The first major battle between unions and employer groups since the introduction of the Rudd Government’s new Fair Work industrial relations regime is set to kick off – over the controversial issue of good faith bargaining.
The Australian Industry Group has been given leave by Fair Work Australia to intervene in a case between the Construction, Forestry, Mining and Energy Union and Australian Precast Solution and Abigroup Contractors.
Earlier this month, the CMFEU applied for a “bargaining order” from the industrial umpire, Fair Work Australia, seeking to delay a vote on a new industrial agreement between the companies and employees. The union argued the company was trying to rush through an agreement for a specific site under agreement and not properly negotiate with the union.
Fair Work Australia handed down a bargaining order blocking the vote on 5 August. The new industrial umpire has recently handed down three bargaining orders delaying enterprise agreement votes, including a decision late last month to stop a vote at Queensland Tertiary Admissions Centre Limited.
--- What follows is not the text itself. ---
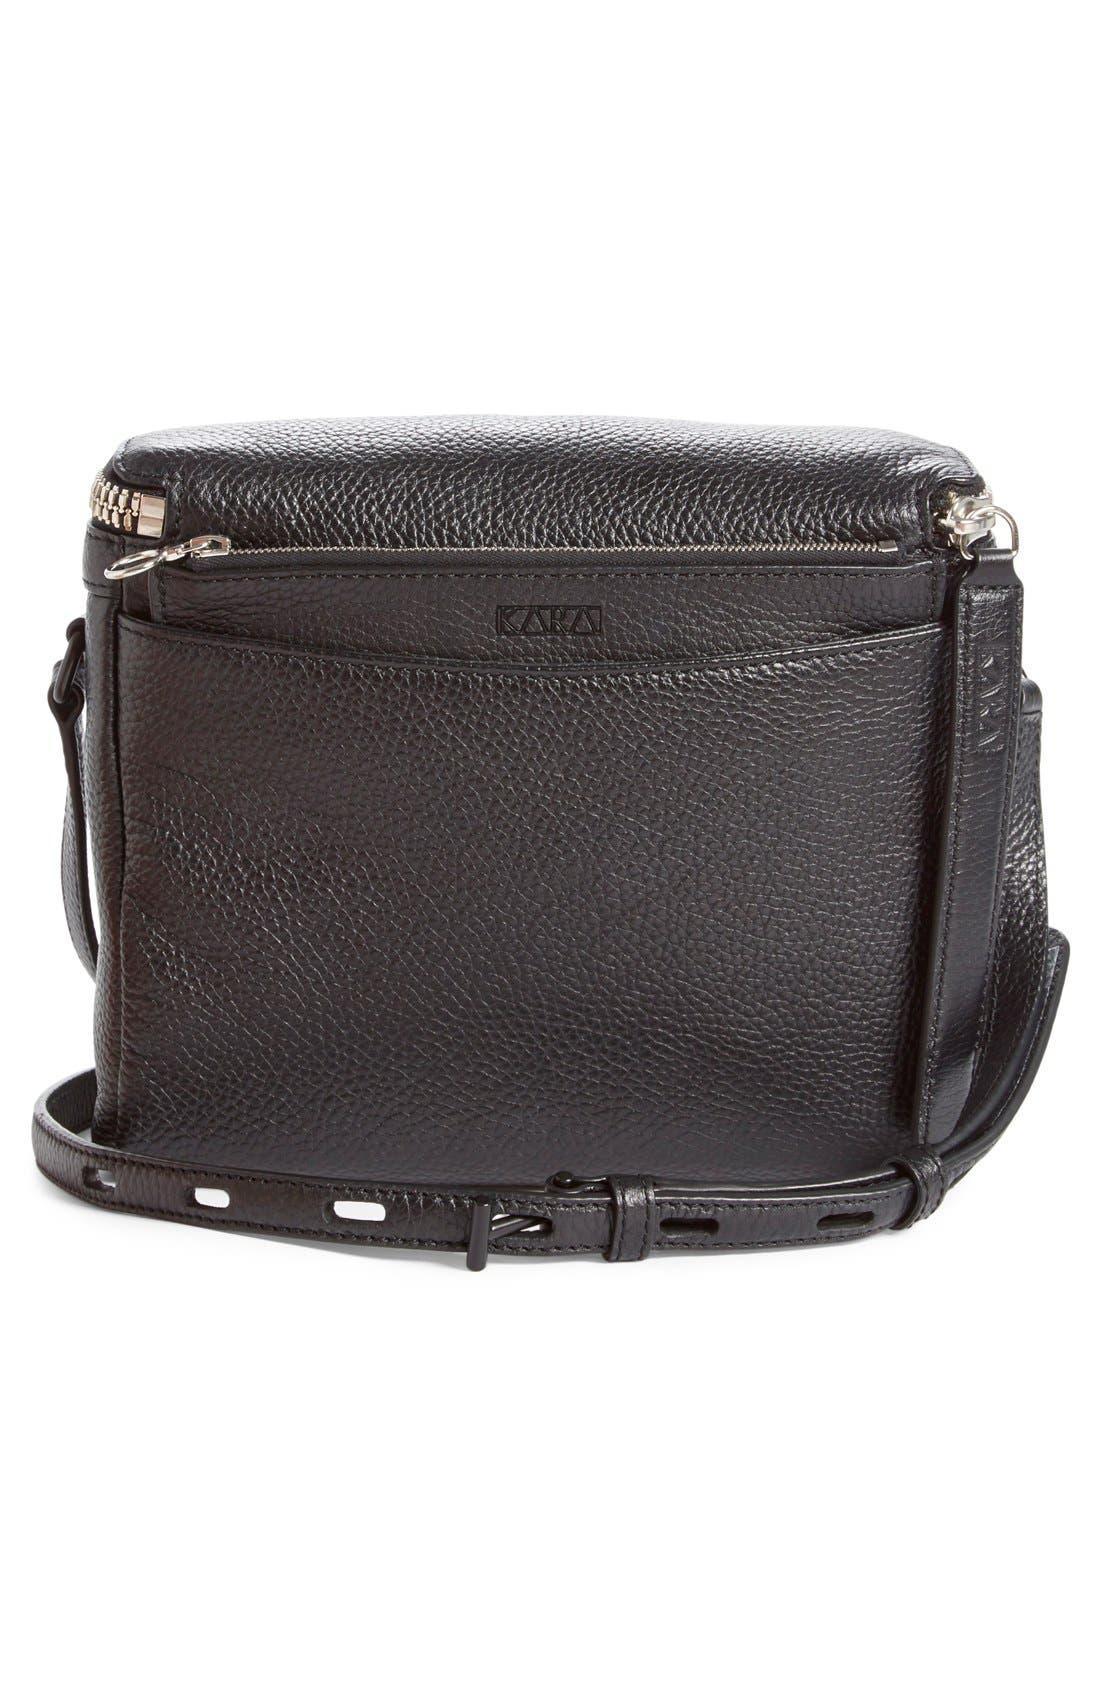 Alternate Image 3  - KARA Large Stowaway Leather Crossbody Bag

But the AIG argues that unions are using the good faith bargaining provision in the Fair Work laws to block legitimate deals between employers and workers.
“Bargaining orders must not be allowed to stop employees exercising their democratic right to approve proposed enterprise agreements,” Australian Industry Group chief executive Heather Ridout says.
“Unions have substantial rights but they should not be permitted to obtain a bargaining order to frustrate the rights of employers and employees to enter into agreements of their choosing.”
AIG’s submission in the case argues that the Fair Work Act “prevents FWA making an order which prevents or delays the approval of a proposed enterprise agreement by employees”.
“If FWA had the power, and adopted the practice, of issuing a Bargaining Order whenever a union raised allegations that the good faith bargaining requirements have not been met, the bargaining system could soon become unworkable,” the submission says.
The fact AIG has been granted leave to intervene in this specific case means it is will become a test case on the vexed issue of good faith bargaining.
Ridout says that if the AIG is not successful in arguments it will push for amendments to the Fair Work Act.
“If FWA is empowered to issue a bargaining order preventing or delaying a vote of employees to approve an agreement, any union with even one member would be able to assert that the good faith bargaining requirements have not been met and then apply for an order preventing a ballot.”